_WHAT NEEDS TO BE DONE_
Everything in the listing except the pictures should be written out exactly.

_THE DATA_
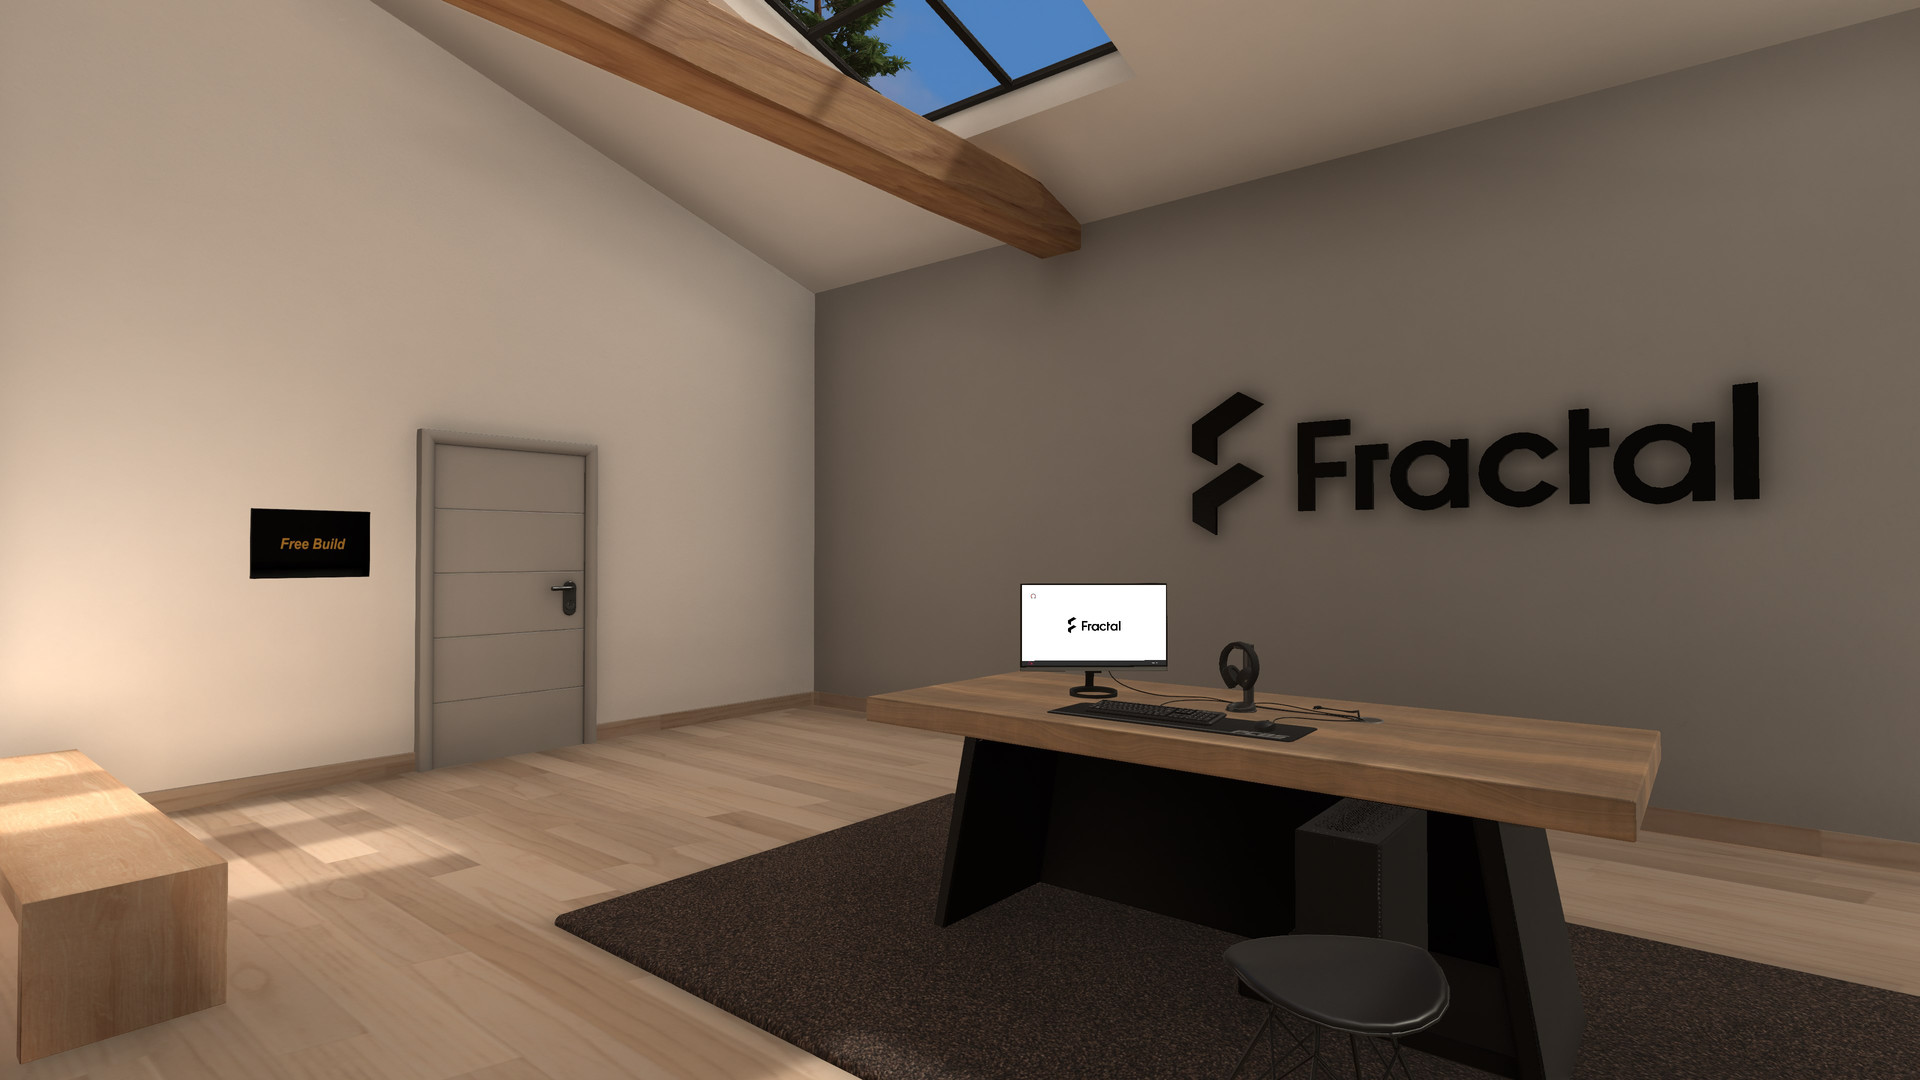 PC Building Simulator: Fractal Edition Steam CD Key
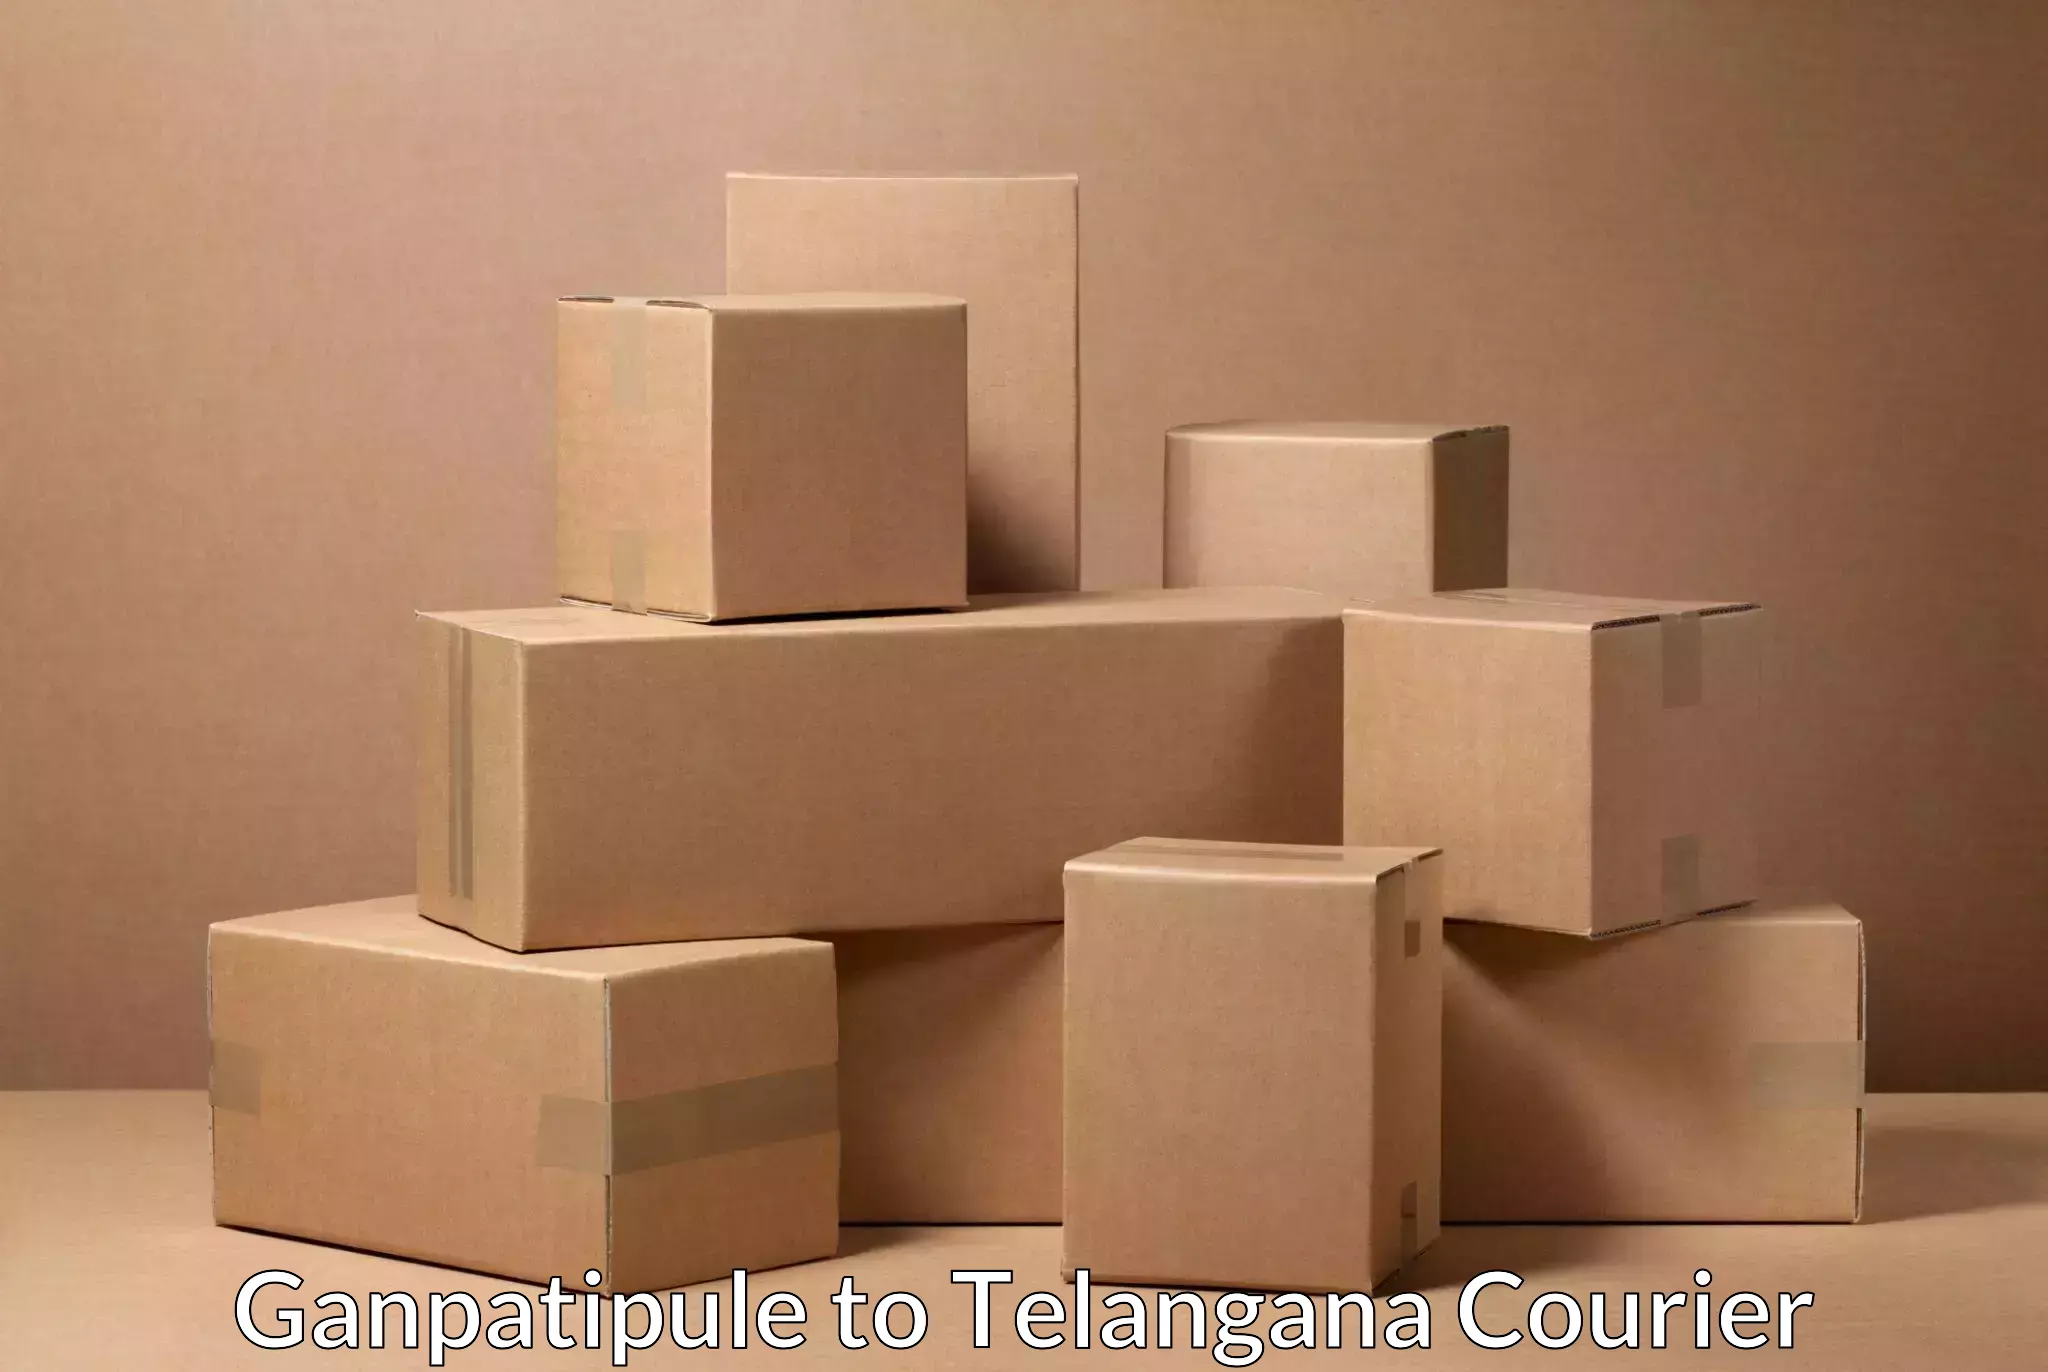 Express courier facilities Ganpatipule to Telangana
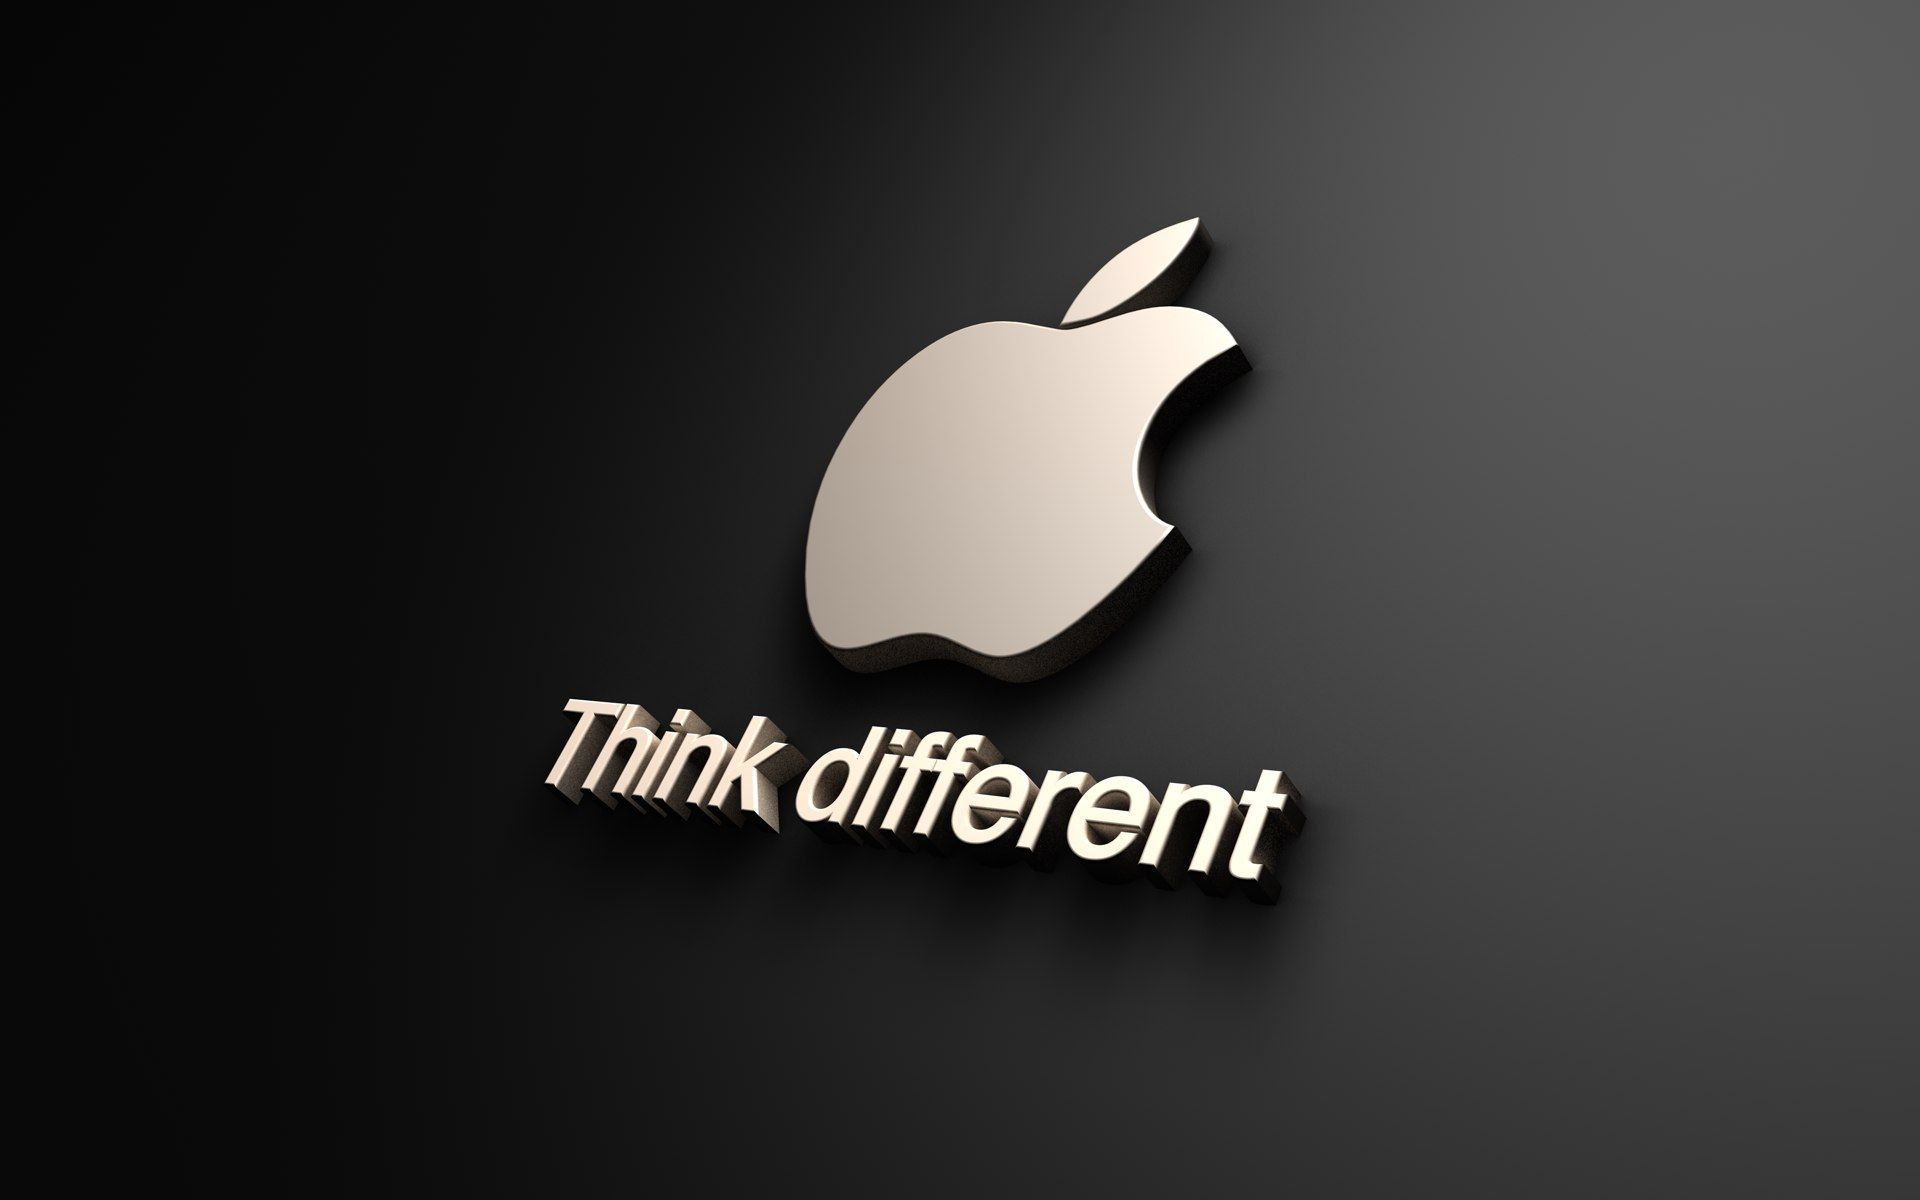 cool apple logo wallpaper #9

_OUTPUT BELOW_
 PC Building Simulator: Fractal Edition Steam CD Key
 Express courier facilities Ganpatipule to Telangana
 cool apple logo wallpaper #9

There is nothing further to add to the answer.